DroneShield is hitting milestones on the operational front — first European production runs, a new Pentagon contract, and a pipeline swelling to A$2.2 billion — yet the market can’t seem to shake the regulatory cloud hanging over the counter‑drone specialist. Shares have tumbled more than 54% from the 52‑week high of €3.65 reached last October, recently changing hands at €1.66.
The company marked a strategic pivot at the Eurosatory defence fair in Paris, confirming that its first European‑built anti‑drone system has rolled off the production line. By outsourcing manufacturing to a contract partner and sourcing most components from regional suppliers, DroneShield aims to reduce supply‑chain risk and strengthen its position as a NATO‑friendly vendor. The European headquarters, newly opened in Amsterdam, underscores a long‑term commitment to the continent as EU member states ramp up spending under the Readiness 2030 programme.
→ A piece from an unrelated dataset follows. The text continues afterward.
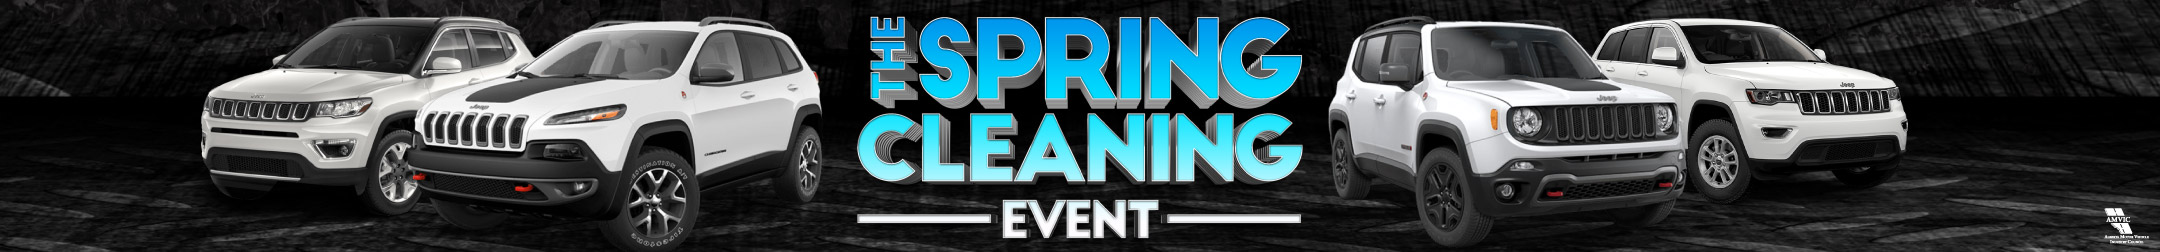 SpringCleaning_WebAssets_BUILD_DAG_DodgeLPHeader.jpg

Production capacity is set to expand at a rapid clip: DroneShield plans to lift annual output from US$500 million to US$2.4 billion by the end of 2026. The first quarter already delivered a 121% revenue jump, while the project pipeline hit a record A$2.2 billion. On top of that, a consortium led by DroneShield was selected to build the drone‑detection network for the 2026 FIFA World Cup in the United States.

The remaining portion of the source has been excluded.